I have tried including the jai-imageio-core-1.3.1.jar before,since Tika-app already comes bundled with this jar. I tried with tika-app jar alone.

The line that's throwing error

PDXObject object = resources.getXObject(cosName);

the log trace of the error:

org.apache.pdfbox.filter.MissingImageReaderException: Cannot read JPEG2000 image: Java Advanced Imaging (JAI) Image I/O Tools are not installed
    at org.apache.pdfbox.filter.Filter.findImageReader(Filter.java:163)
    at org.apache.pdfbox.filter.JPXFilter.readJPX(JPXFilter.java:115)
    at org.apache.pdfbox.filter.JPXFilter.decode(JPXFilter.java:64)
    at org.apache.pdfbox.cos.COSInputStream.create(COSInputStream.java:77)
    at org.apache.pdfbox.cos.COSStream.createInputStream(COSStream.java:175)
    at org.apache.pdfbox.cos.COSStream.createInputStream(COSStream.java:163)
    at org.apache.pdfbox.pdmodel.common.PDStream.createInputStream(PDStream.java:236)
    at org.apache.pdfbox.pdmodel.graphics.image.PDImageXObject.<init>(PDImageXObject.java:140)
    at org.apache.pdfbox.pdmodel.graphics.PDXObject.createXObject(PDXObject.java:70)
    at org.apache.pdfbox.pdmodel.PDResources.getXObject(PDResources.java:426)
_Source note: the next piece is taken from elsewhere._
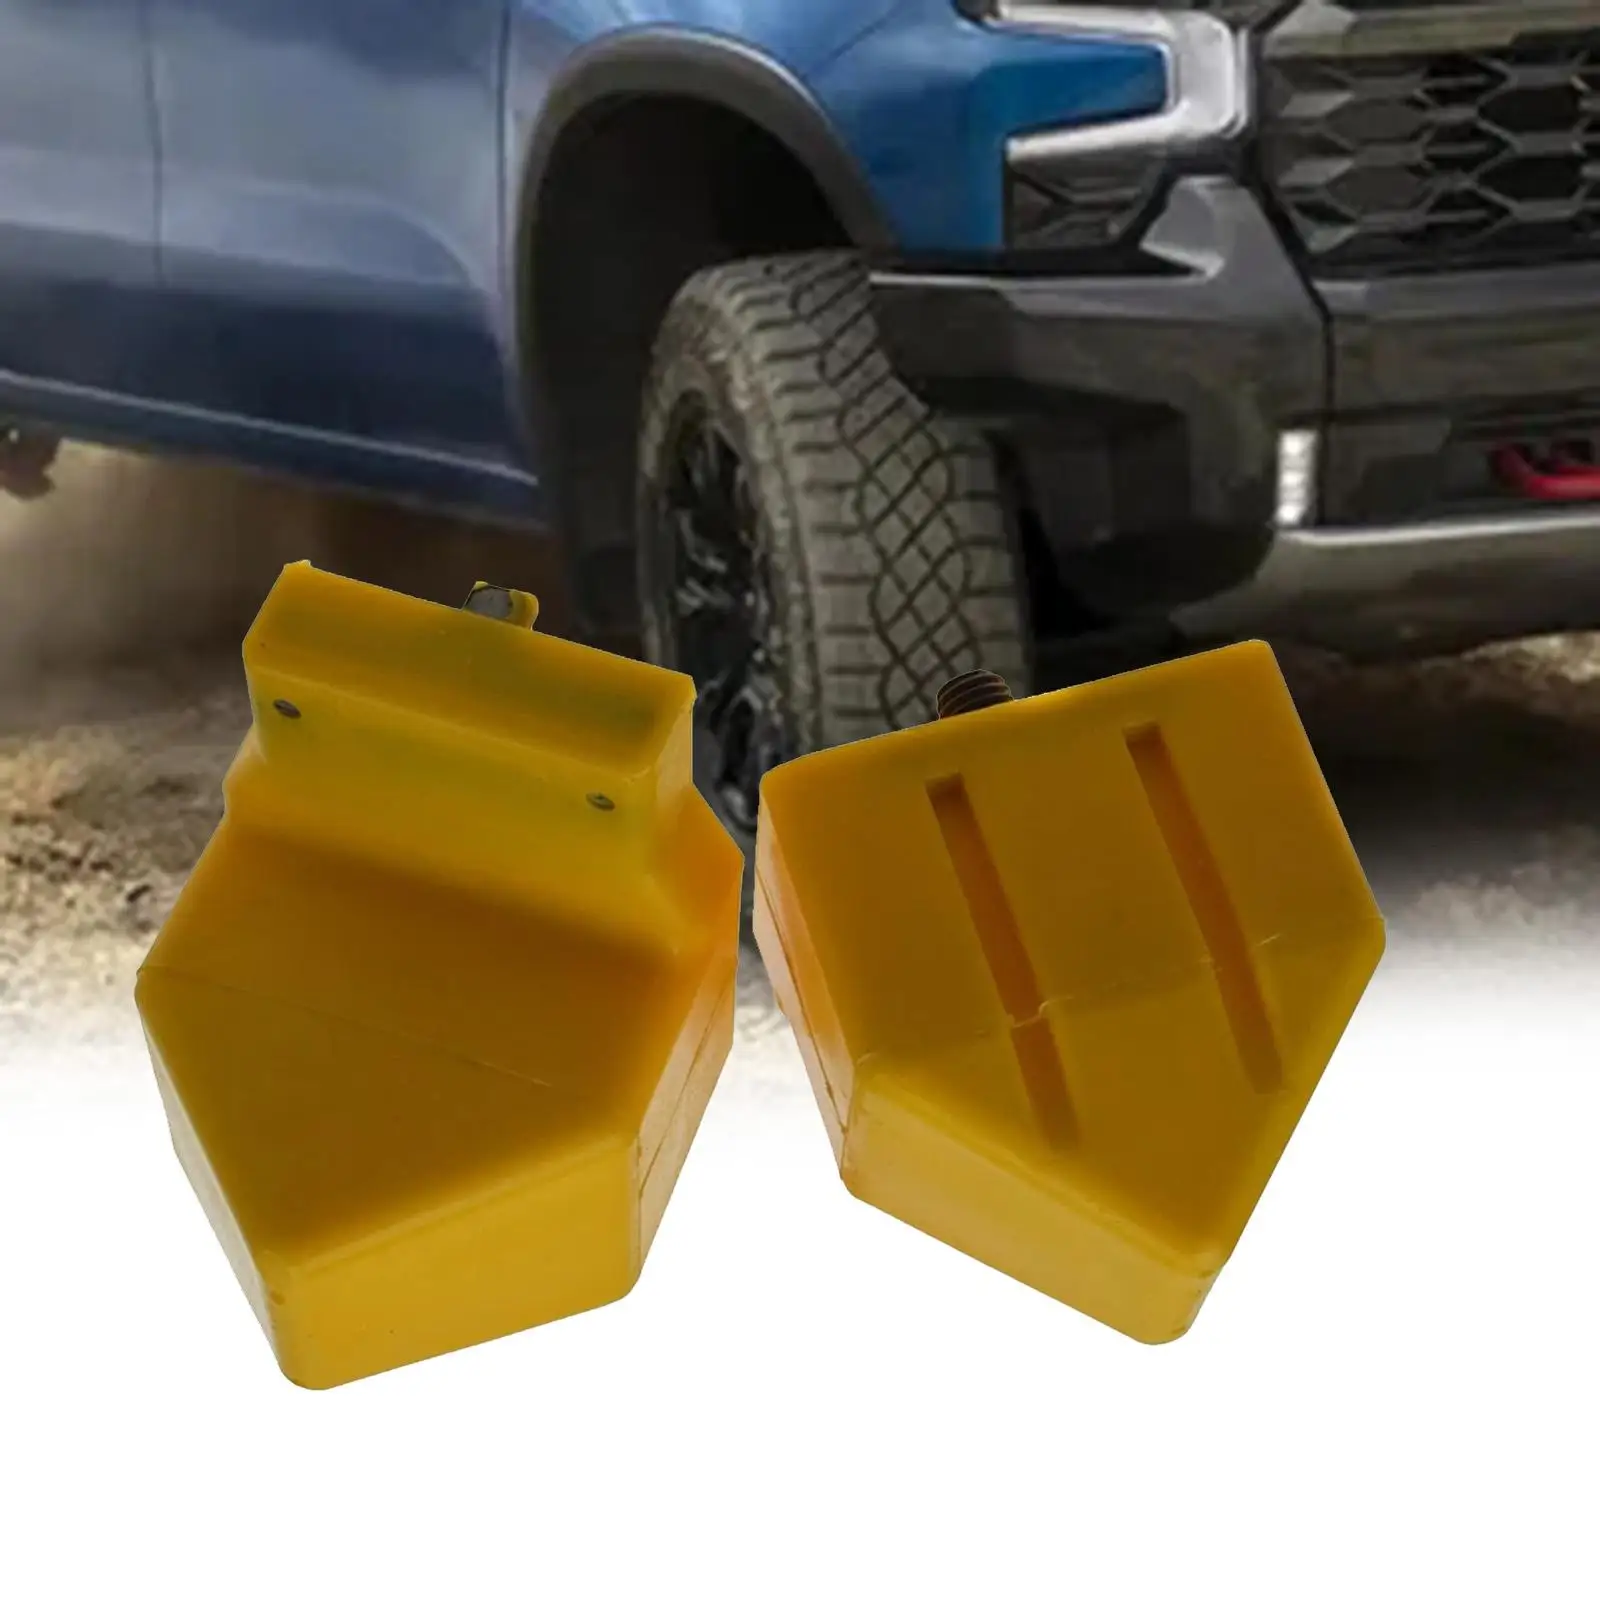 2x Front bumpers stopper Professional for GMC Sierra 2500 HD Pickup Truck SUV

But I am quite sure I have jai-imageio-core in tika which turns out to be invisible when I run the code.

Santhosh
  • 431
  • 5
  • 16

2 Answers2

28

Actually, I stumbled upon this error as well but this is mentionned in the PDFBox documentation here. You need to add the following dependencies to your pom.xml :

<dependency>
    <groupId>com.github.jai-imageio</groupId>
    <artifactId>jai-imageio-core</artifactId>
    <version>1.4.0</version>
</dependency>

<dependency>
    <groupId>com.github.jai-imageio</groupId>
    <artifactId>jai-imageio-jpeg2000</artifactId>
    <version>1.3.0</version>
</dependency>

<!-- Optional for you ; just to avoid the same error with JBIG2 images -->
<dependency>
    <groupId>org.apache.pdfbox</groupId>
    <artifactId>jbig2-imageio</artifactId>
    <version>3.0.3</version>
</dependency>

If you are using Gradle :

dependencies {
    implementation 'com.github.jai-imageio:jai-imageio-core:1.4.0'
    implementation 'com.github.jai-imageio:jai-imageio-jpeg2000:1.3.0'

    // Optional for you ; just to avoid the same error with JBIG2 images
    implementation 'org.apache.pdfbox:jbig2-imageio:3.0.3'
}
Robin
  • 1,438
  • 2
  • 19
  • 29
  • 1
    Here is the link on Maven Central: https://search.maven.org/artifact/com.github.jai-imageio/jai-imageio-jpeg2000/1.4.0/bundle – Jonathan Hult Oct 19 '21 at 21:10
1

It happens that it requires an additional jar known as jai-imageio-jpeg2000 to support jp2k images.

Santhosh
  • 431
  • 5
  • 16